Kirilenko has also fallen out of favor in Brooklyn. He hasn't played since Nov. 13, and Yahoo Sports' Adrian Wojnarowski says a trade remains possible once Kirilenko tends to a family matter in New York.

Both Kirilenko and Garnett are likely gone after this season, making them expendable. Lee is a double-double machine when healthy, not to mention a better passer than any bigs the Nets have now. He could inject life into their struggling offense.
And given the various other options—or lack thereof—acquiring a possible game-changer like him is the ideal bridge between immediate relevance and their (presumably) planned retooling efforts in less than two years.
Hardly Flexible, But Not Yet Trapped

There is no one move or even series of moves that will solve all that ails the Nets.

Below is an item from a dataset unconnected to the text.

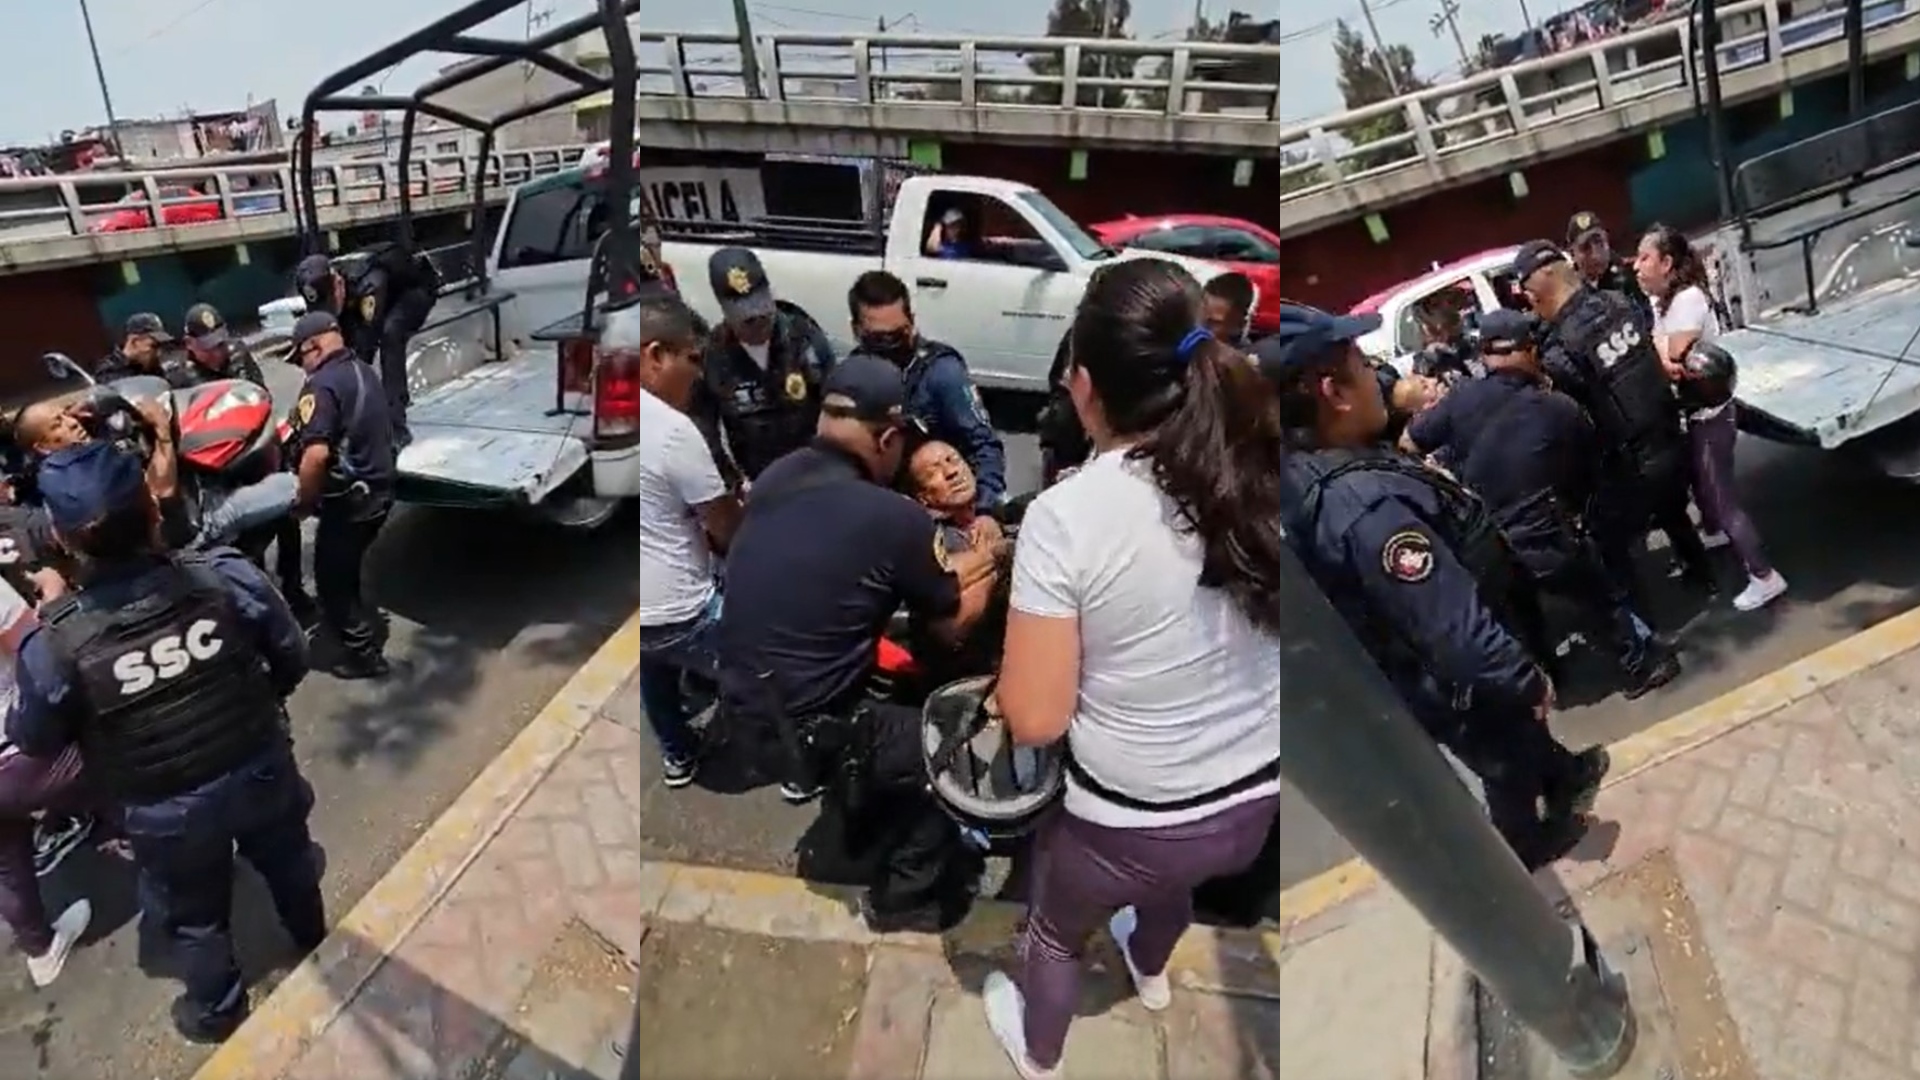 Una decena de policías sometieron a un solo hombre que viajaba en una motoneta; internautas acusan abuso policial

In the context of Eastern Conference basketball, they are not a bad team. They're a good team that's well-positioned to snag a playoff berth. But that's the light at the end of their tunnel right now. If they want to be something more than just another overpriced also-ran, they'll need to make moves, brokering deals that alleviate their financial burden or safeguard them against regression next year.
Standing in place, with this costly core, only promises more of the same—that which wasn't good enough last season, isn't good enough now and, truthfully, won't be good enough ever.
Stats courtesy of Basketball-Reference and NBA.com unless otherwise cited, and are accurate as of games played Dec. 3, 2014. Salary information via ShamSports. Draft-pick status from RealGM.